Experiment 019
Serving latency knob: prefix scan under load
Perf record: 019-serving-latency-knob.json.
Cohere v3, 1M × 1024, cosine, Granite box (8 vCPU). HTTP, concurrency sweep.
(Recall figures carried from 018; serving doesn't score recall.)
What we did
017 served the funnel at full 1024-bit (per-request compute ~11 ms). Tiling (016) can't help a single request, so the lever for serving latency is the prefix scan (014): scan fewer bits per request. Measured the server at three prefix widths, each with the C that holds its recall tier.

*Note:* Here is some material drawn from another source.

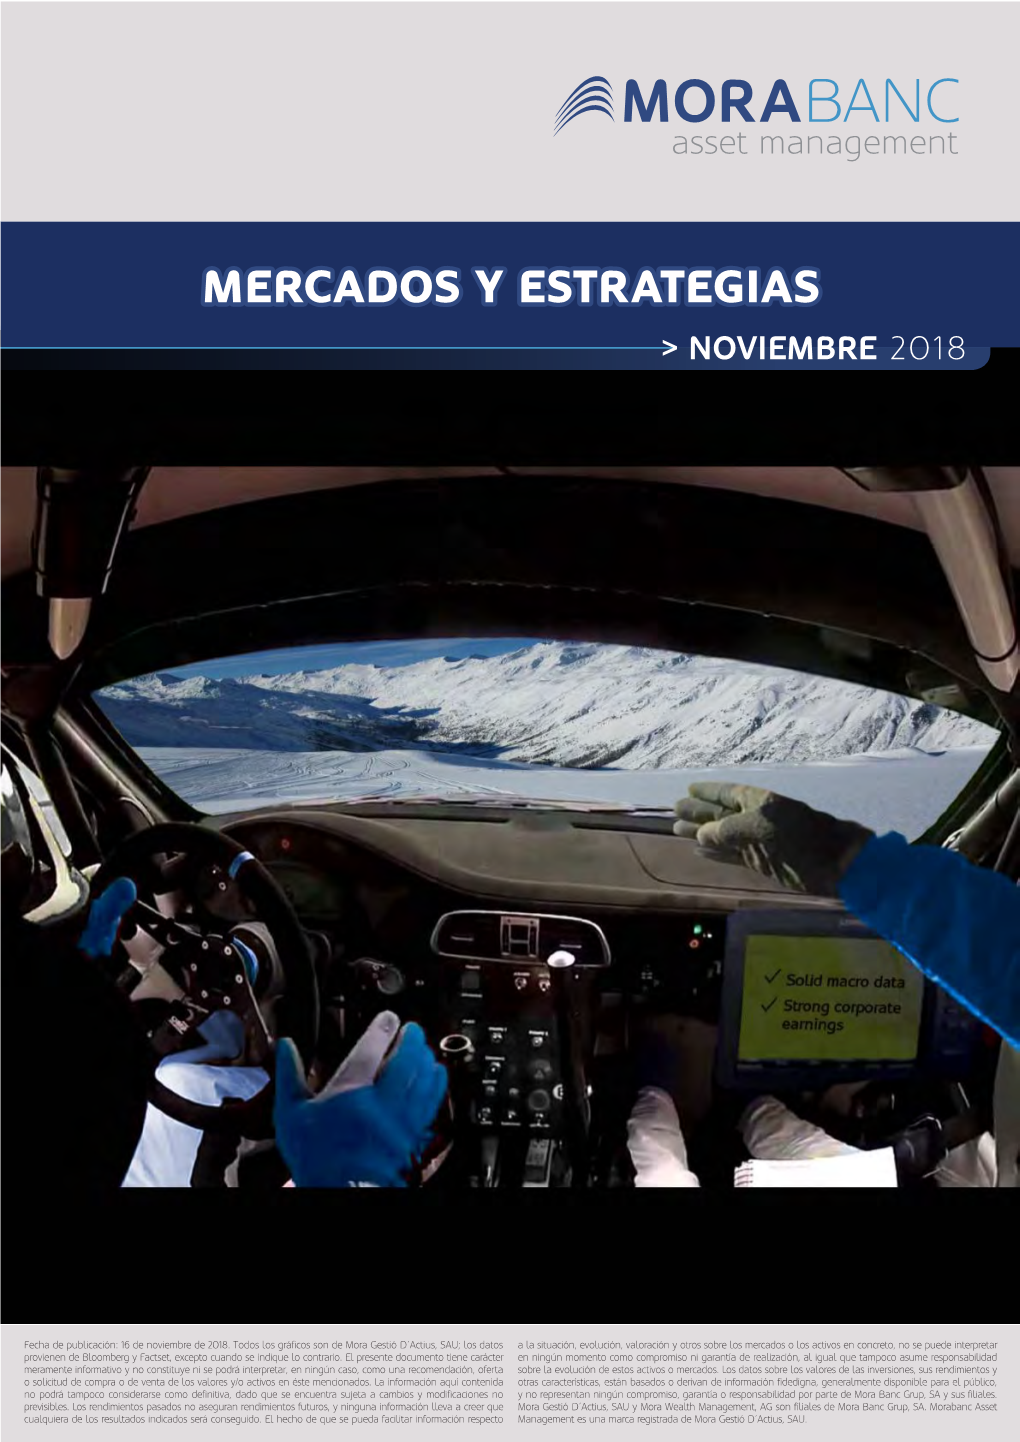 Morabanc Mercados Y Estrategias 2018 (ESP) Noviembre

Result — a real latency/throughput knob, biggest under load
| scan-bits | C | recall | c=1 compute p50 | c=8 QPS | c=8 client p50 |
|---|---|---|---|---|---|
| 1024 | 1000 | 0.993 | 11.4 ms | 465 | 17.1 ms |
| 768 | 1000 | 0.970 | 11.1 ms | 634 (+36%) | 12.3 ms |
| 512 | 2000 | 0.930 | 7.9 ms | 732 (+57%) | 10.7 ms |
Conclusions
- Prefix is the serving-side speed lever, and it pays most under load. At concurrency = cores it lifts QPS +36% (768) / +57% (512) and drops client p50 from 17 ms to 10.7 ms — trading recall 0.993 → 0.93.
- Single-request vs under-load tells the bandwidth story again. At c=1 (one core, no contention) 768-bit barely moves compute (11.4 → 11.1 ms): the C=1000 rerank dominates and the scan saving is small in absolute terms. But at c=8 (all cores contending for memory) the same prefix gives +36% — because its real effect is cutting aggregate bandwidth demand, which only bites when every core is scanning at once. 512-bit halves the scan enough to help even at c=1 (11.4 → 7.9 ms).
- Pick the width by SLA. Need 0.99 recall → full bits, 465 QPS, 17 ms. Can live with 0.97 → 768, 634 QPS, 12 ms. Latency-critical at 0.93 → 512, 732 QPS, 11 ms. The knob spans the SLA range without touching the index format.
Caveats
- Heap selection, f32 rerank, no tiling (single-request path). Recall is the 018 batch number for the same scan-bits/C; the served top-k is identical logic.
- 400 requests/level, spot box; c=16 client p50 is queuing past the core ceiling.